Born and raised in London, becoming an animator was a bit of an accident for Caitlin. Always interested in creating some kind of visual work, she studied a foundation at Camberwell College of Art and ended up staying on at the university for a degree in illustration. At the time, “I was just doing dumb, weird shit” and “was like, cool, I’ll probably work in a cafe for the rest of my life?” That was until she had a coffee with Kitty Turley, an executive producer at Strange Beast: “You know when you email someone and you’re like ‘can you have a coffee with me and tell me how to live my life’,” and Kitty sort of did.

“I had no fucking idea what I was doing. There’s literally no reason why it should have happened to me!”

Caitlin McCarthy

Coldsore

Introducing Caitlin to Rob Wallace, a Strange Beast signee who animates under the moniker Parallel Teeth, the pair had a burger together, “and then I just basically kept emailing him all the time,” she tells It’s Nice That. “Not even about work necessarily, but like video games, and I just wormed my way in.” Worming her way into Rob’s project I’m Easy for musician Merk, Rob essentially taught Caitlin the the tools of the animation trade (“Once, I just did literally the opposite of what he told me to do for four hours but he was so nice about it,” she recalls), creating 2D characters which popped up throughout the short.

Afterwards, Caitlin was often brought on to work on Rob’s projects and soon became signed to the agency herself. “It’s literally all down to Strange Beast,” she reflects on this jump start to her career now. “I had no fucking idea what I was doing. There’s literally no reason why it should have happened to me!” Supportive in their nature, in between commercial projects, Caitlin spent a year working on the aforementioned Coldsore, a sort of “graduate film” to introduce her to the world.

What was introduced was an animator it felt like the industry was in desperate need of. Animation as a whole is still trying (read failing) to catch up in its gender representation, and can often be consumed by over serious animations which put technical skill ahead of narrative.

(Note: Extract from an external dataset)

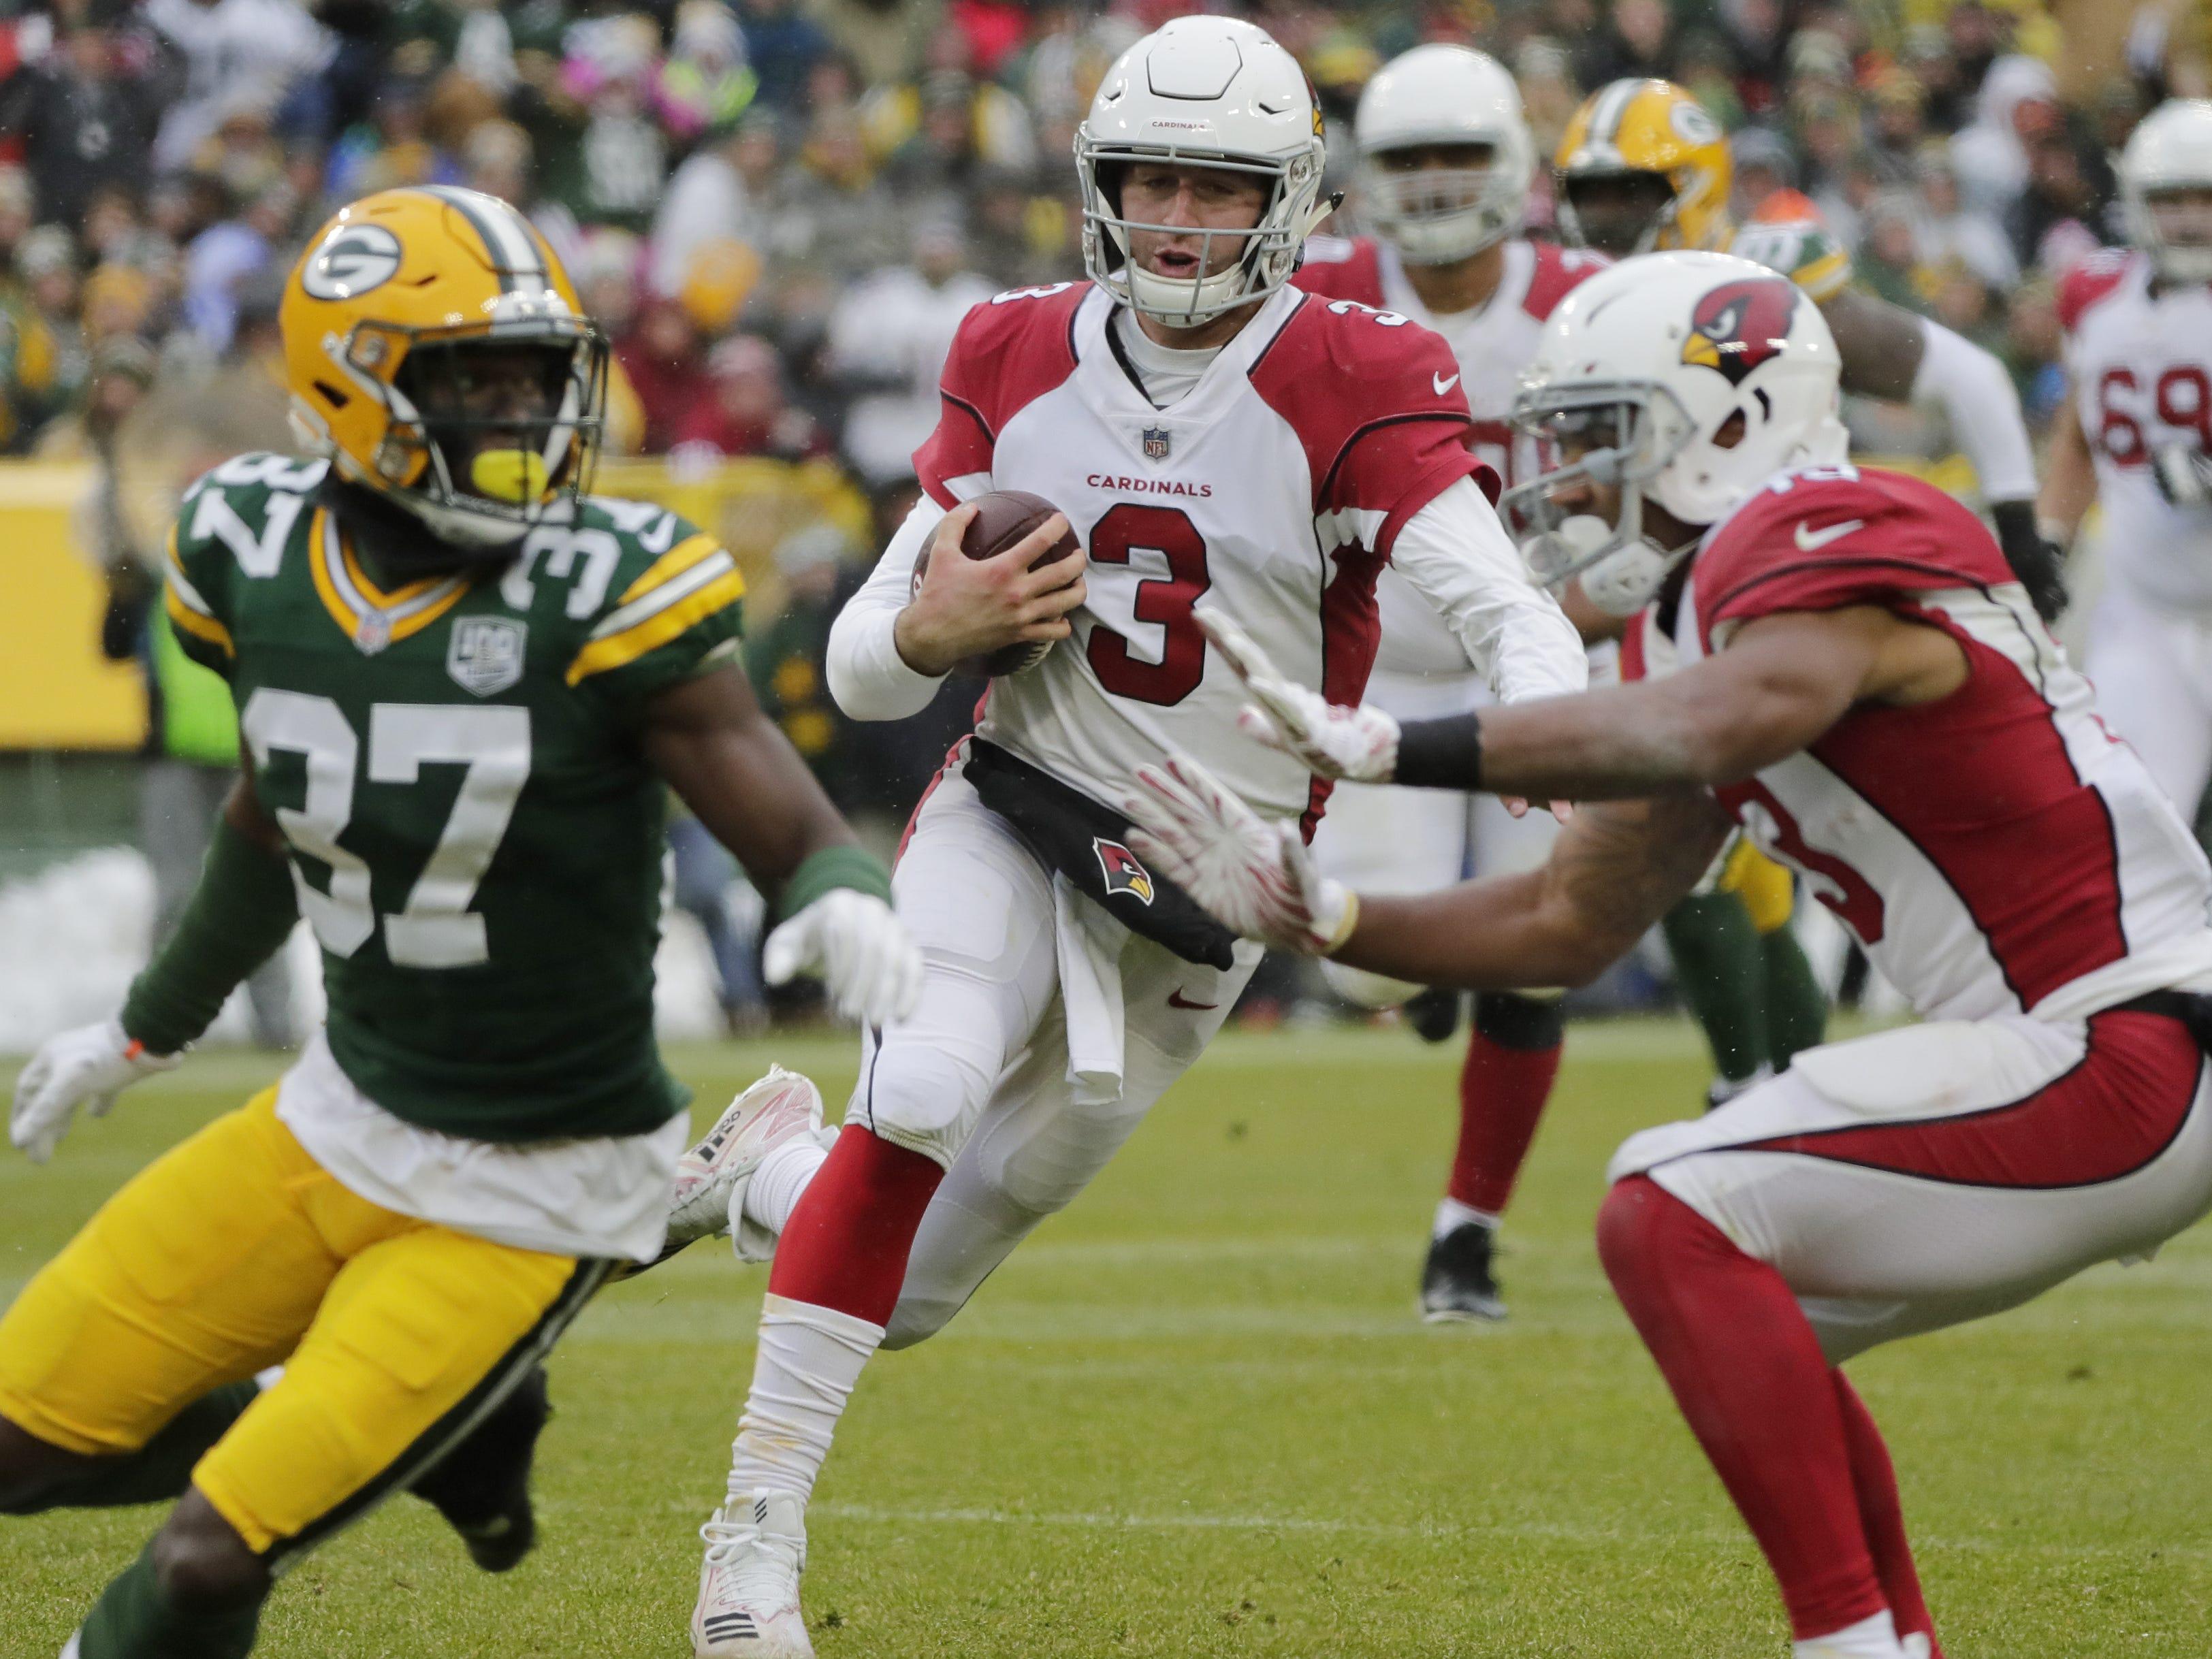 Arizona Cardinals quarterback Josh Rosen (3) scrambles in the third quarter against the Green Bay Packers at Lambeau Field on Sunday, December 2, 2018 in Green Bay, Wis.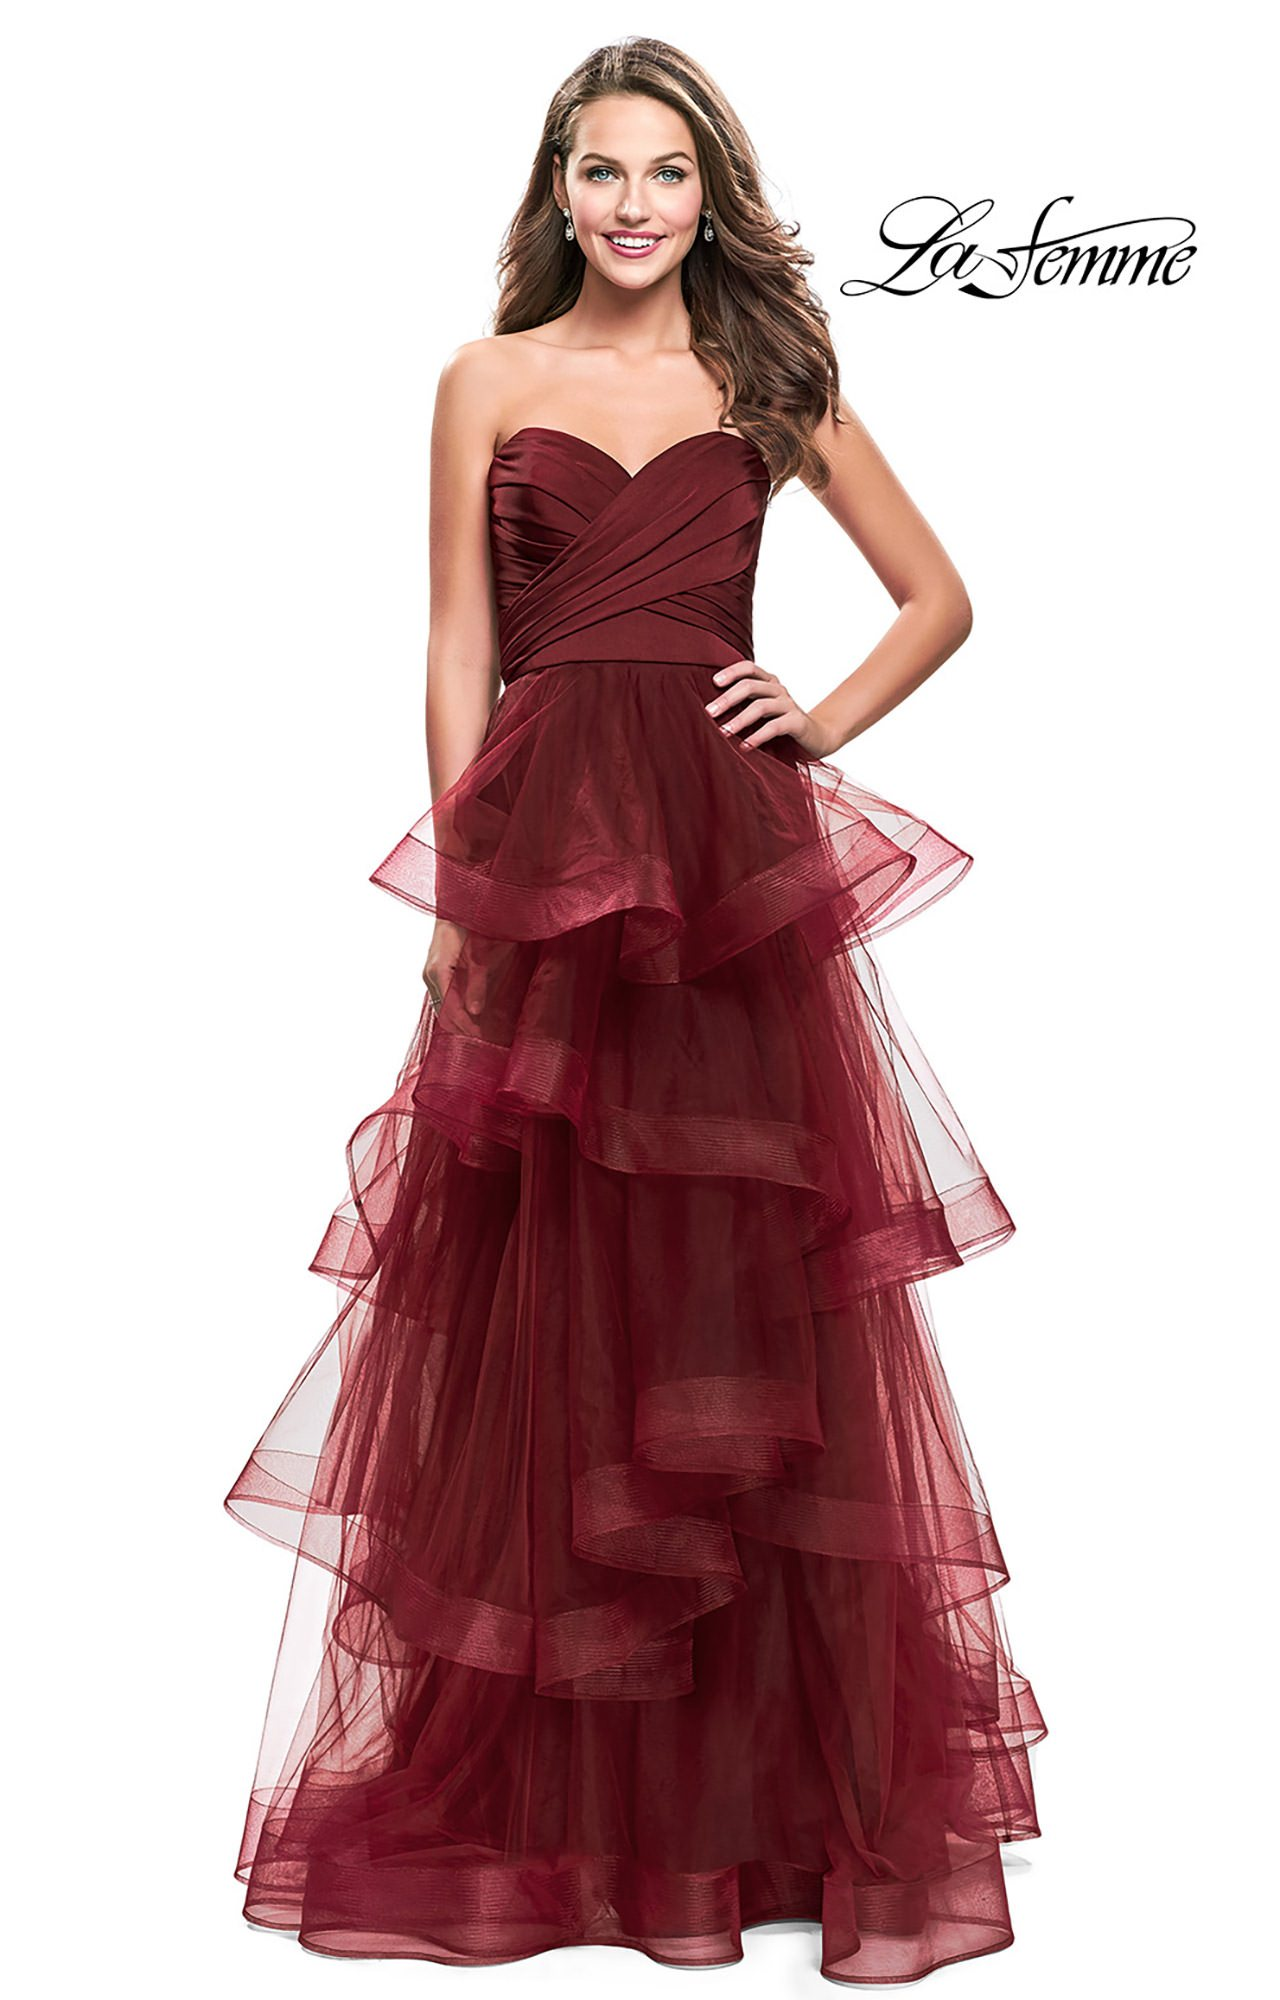 La Femme 25430 - Strapless A-Line Tulle Prom Dress

Caitlin offered the antidote with a short based on teenage feelings – its narrative follows a teenage girl in search of a kiss to gain a coldsore like the coolest girl at school – but approached with adult relatability. It’s full of animated delight too, with details sneaking their way in for fans who will watch multiple times, and her transitional line work shows a creative willing to plough her own path and break the rules her contemporaries may abide by.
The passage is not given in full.